Agents are added to each host to determine the source of the information. For each agent, providers are defined that provide small pieces of information in the form of indicators in the tree. Providers can be described for each version of their software.
There is an initial set of ready-made agents with providers.
All the rest can be constructed using the interface or by editing XML files in the config folder. Charts, tables, lists can be built by selecting indicators or defining a list of them with regular expressions. Ready views and control panels can be formed for any level of the tree: global for the session / all hosts, for the current host, for the agent, etc. down the entity hierarchy. The agent and providers can optionally provide a different set of entities and indicators depending on the monitoring level of detail set (maximum, high, medium, low). If necessary, you can write the code of the provider in Java.
After adding an agent, each entity (node) in the tree can have two D (ashboard), V (iew) icons next to it, which means that there are ready-made settings for viewing indicators. This can and should be used to minimize effort. Here is an example when you added an agent for Linux.

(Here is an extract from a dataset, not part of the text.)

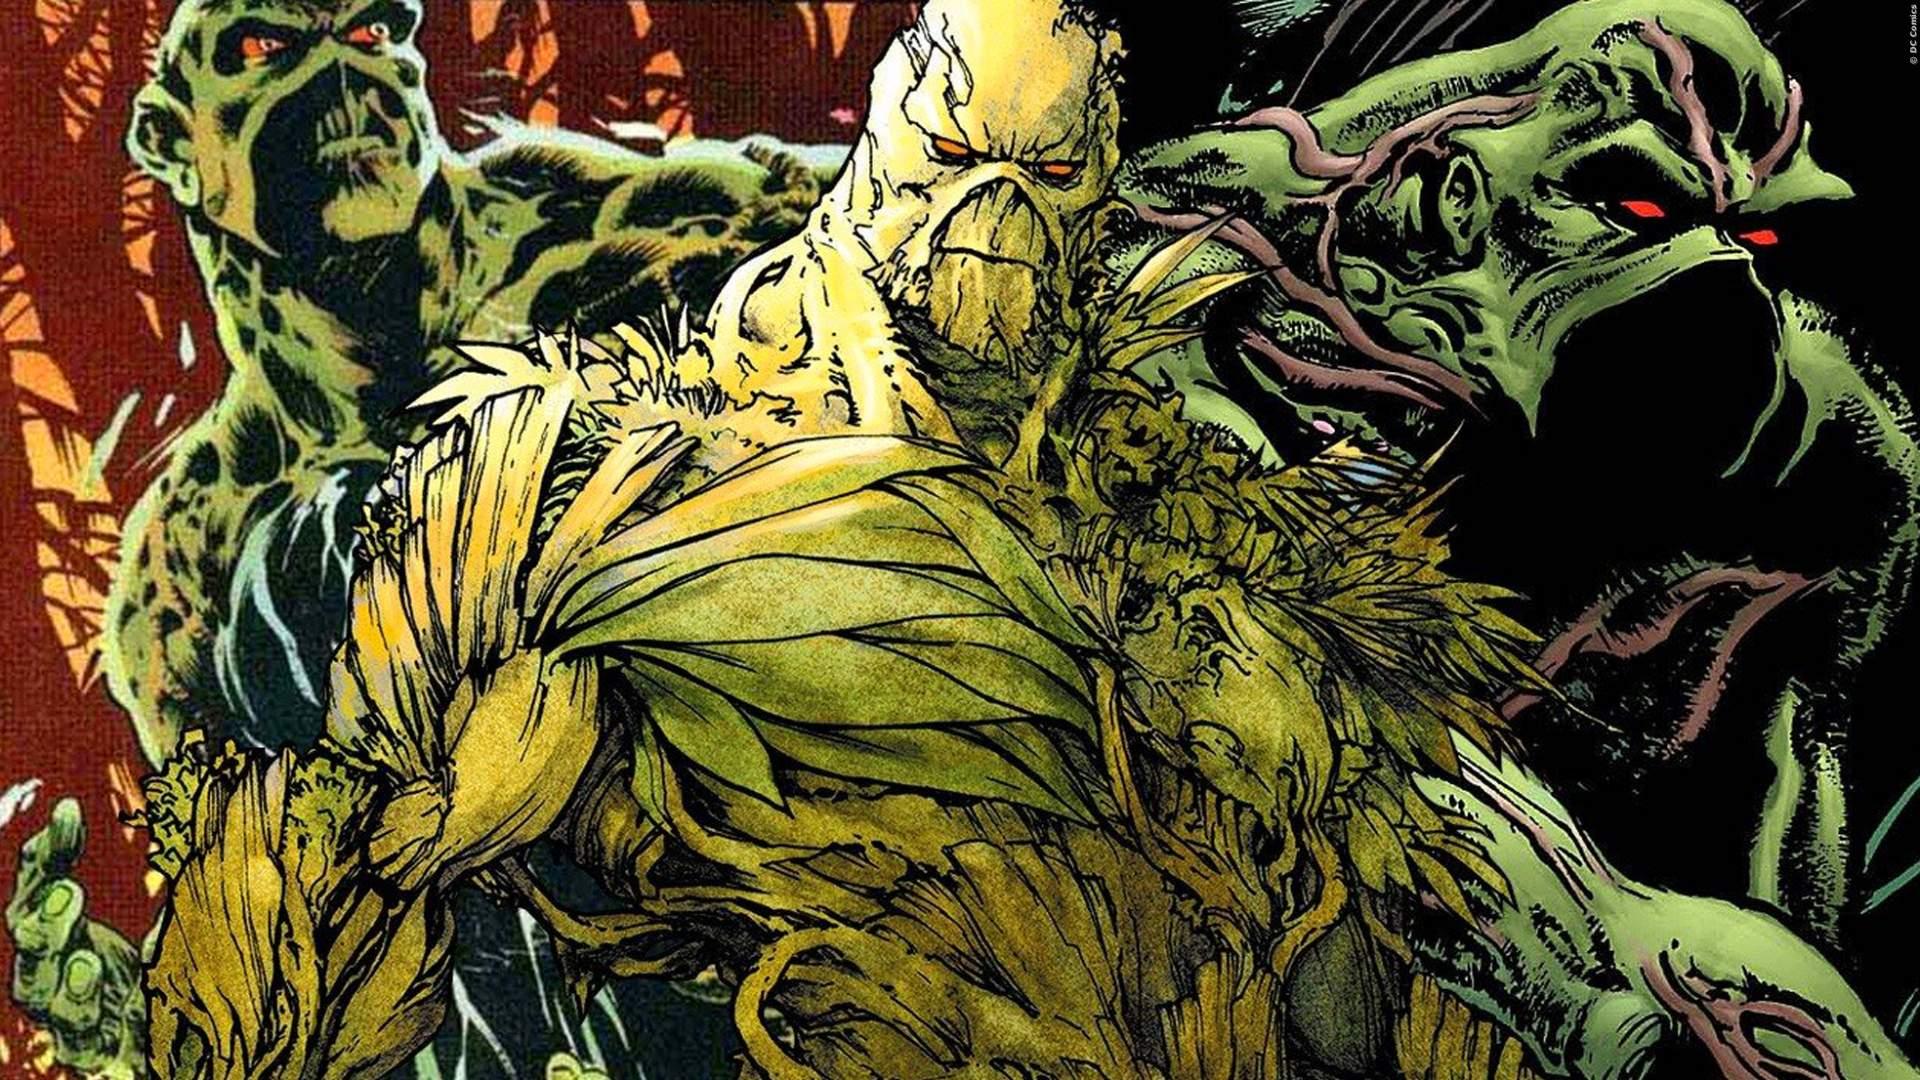 SWAMP THING: Erster Trailer zeigt das DC-Monster

Dark blue arrows show that the nodes have currently updated indicators for monitoring (it is convenient to use when debugging new providers and presentations).
And immediately ready panel with indicators (picture after a few minutes of work and changing the names of the panel and windows with views):
Now short and in steps
Step 1. Download and run the IxoraRMS GUI
In the folder with the installed distribution run:
console.bat
Note: It is possible to start and stop the local agent (host manager, hmStart and hmStop, respectively) and start in batch mode (batchStart, batchStop).
We create a session and add our host (on it CentOS 6.5) to the list of servers for monitoring.
For our host, select Add Agents from the context menu. We can see which agents are already present in the repository. For our tasks, we need agents for CentOS (Linux), Linter, Java (HotSpot or JMX), JBoss 7.1 (JBoss or JMX). Due to the lack of development since 2011, agents for software products are either outdated or initially lacked support. Therefore, the next steps are devoted to customizing the application to our requirements.
In order for the interface to make corrections to the built-in agents and providers, we restart the console with the
-Dapplication.dev = true parameter
specified when running for java. We rule and run the console.launch.bat file for this (it is regenerated when console.bat is launched, be careful!).
Step 2. Monitor the OS
For CentOS 6.x, a suitable agent exists (Linux), but the supported versions are only RedHat 9 and RedHat AS 3. If you select RedHat 9 and then start monitoring, not all graphs come to life, errors appear in the IxoraRMS log. Providers for the Linux agent are working using the iostat, mpstat, and vmstat utilities, so we install the sysstat and procps packages from the repository to the host.
yum install sysstat procps
For example, one provider try to figure out how they are configured. For this:
• open the menu Tools / Agents Installer
• find Linux and click Edit
• add “CentOS 6.x” to the System versions list
When displaying the control panel for RedHat 9 errors appear in the log related to the File system data and Disk data providers. To correct, we proceed as follows:
• open the Tools / Provider manager menu;
• we select agent Linux, provider Disks data (RedaHat 9, RedHat AS 3)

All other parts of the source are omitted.